Benjamin Franklin Papers

To Benjamin Franklin from Thomas Gilpin, 29 January 1769

From Thomas Gilpin

Extract: reprinted from “Memoir of Thomas Gilpin,” Pennsylvania Magazine of History and Biography, XLIX (1925), 302–3.

This letter is the first surviving one in a correspondence that continued, insofar as it is extant, until November, 1770. Thomas Gilpin belonged to a wealthy Quaker family; although he had estates in Maryland and Delaware, his principal residence was Philadelphia. His fortune allowed him to indulge his hobbies, which were varied: he was a naturalist, a mathematician and surveyor, an engineer with a particular interest in building canals and bridges, and the inventor of a hydraulic pump. He was a member of the two organizations that merged in 1769 to form the American Philosophical Society;3 he submitted an essay on the pump and a model of it to the Society and subsequently sent the model to Franklin, who was delighted by it and expected great things of it.4 In 1777, on the eve of the British capture of Philadelphia, Gilpin was among the Quakers who were first imprisoned by the state authorities and then exiled to Virginia, where he died soon afterward.5

Janry. 29th 1769

The sentiments of our Sovereign and disposition of Parliament received by the last advices6 affect the people here with great surprize and increasing suspicion. I hope and trust they will not determine in a desperate opposition, but be firmly and coolly met as an arbitrary advance; they will however occasion great alarm; demands made without consultation or even our knowing the object of them can only be considered in a desperate light; I wish sincerely ministerial wisdom may present some more favorable measures, otherwise both our trade and affections will be lost; we are denied the right of complaining, it is even looked upon as idle and contemptuous in us to do so. The debts and expences of England are certainly very great, but who are the creditors and who the debtors, who the burthened and who impose the burthens? Will not the expensive and lucrative plan of the nation itself bear correction and ought it not to be attempted before the weight is imposed upon us?

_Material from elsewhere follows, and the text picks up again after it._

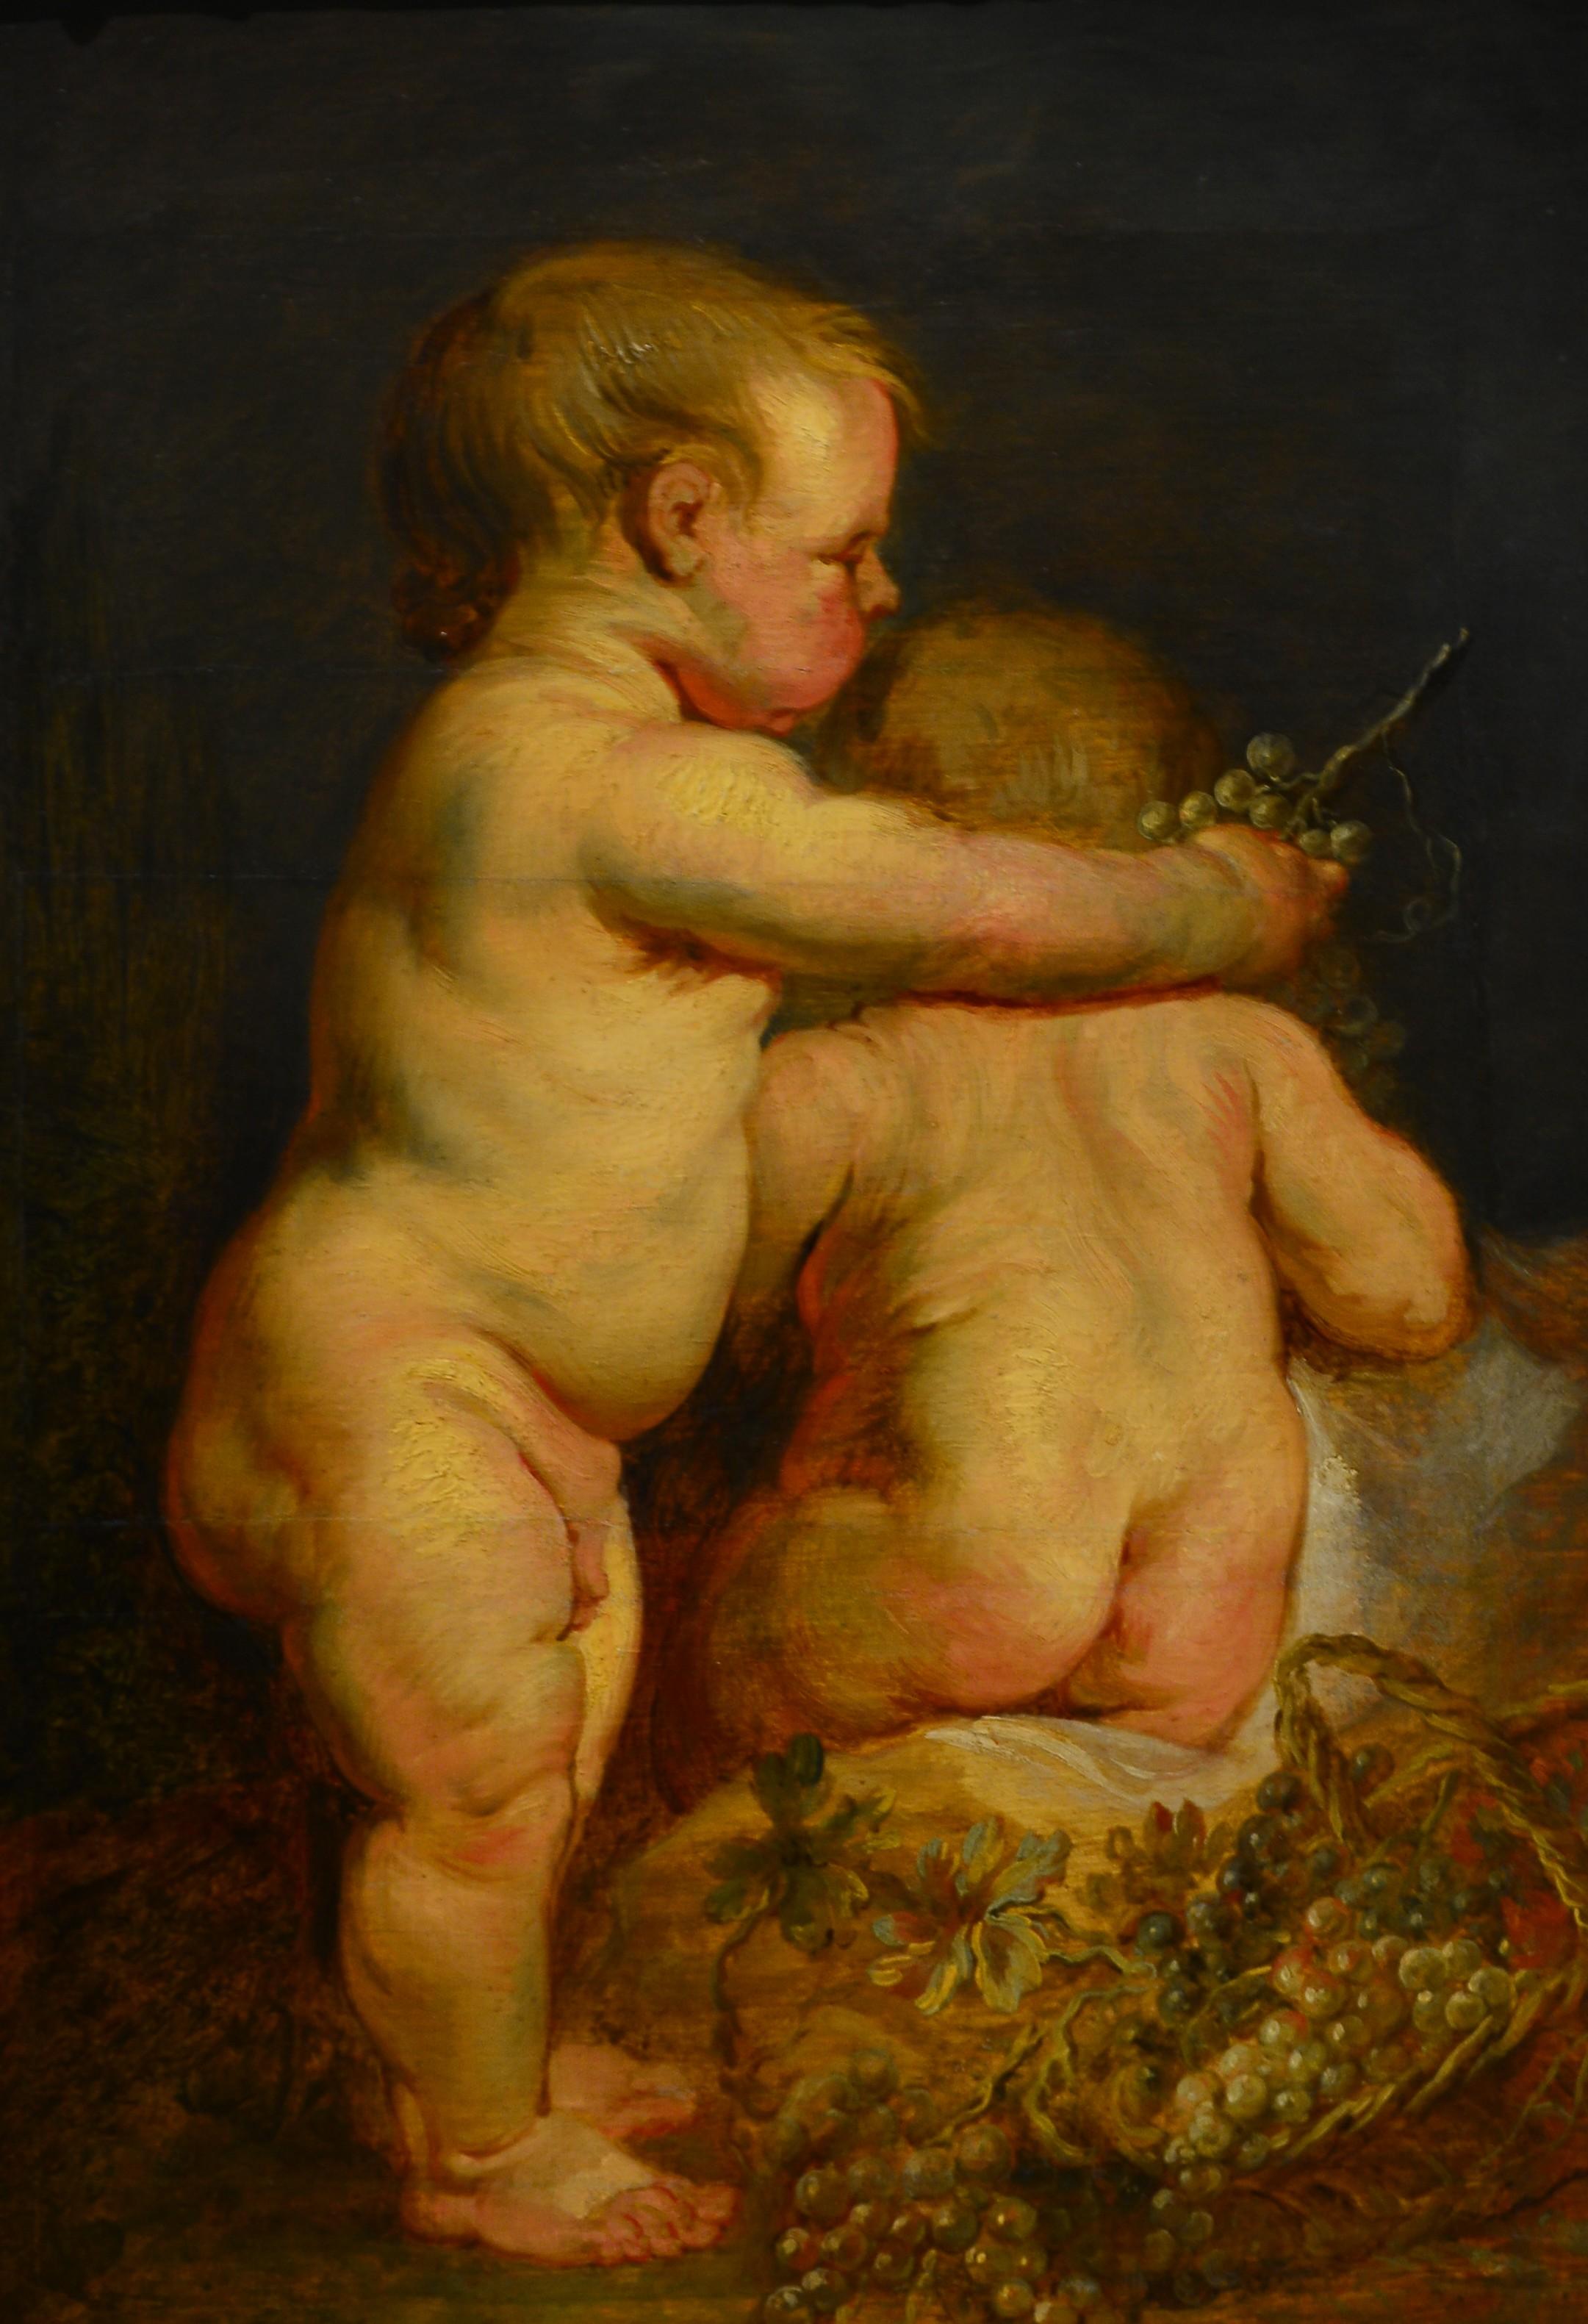 nakna barn

[Note numbering follows the Franklin Papers source.]

3See above, XV, 259–61.

4See below: Gilpin to BF, May 16, and BF to Gilpin, July 10.

5“Memoir of Thomas Gilpin,” PMHB, XLIX (1925), 289–328; Carl and Jessica Bridenbaugh, Rebels and Gentlemen: Philadelphia in the Age of Franklin (New York, [1942]), pp. 345–9; [Thomas Gilpin, Jr., ed.], Exiles in Virginia: with Observations on the Conduct of the Society of Friends during the Revolutionary War … (Philadelphia, 1848), pp. 210–12.

6The King’s speech at the opening of Parliament and the addresses in reply from the two Houses were printed in Pa. Chron., Jan. 2–9, 16–23, 1769.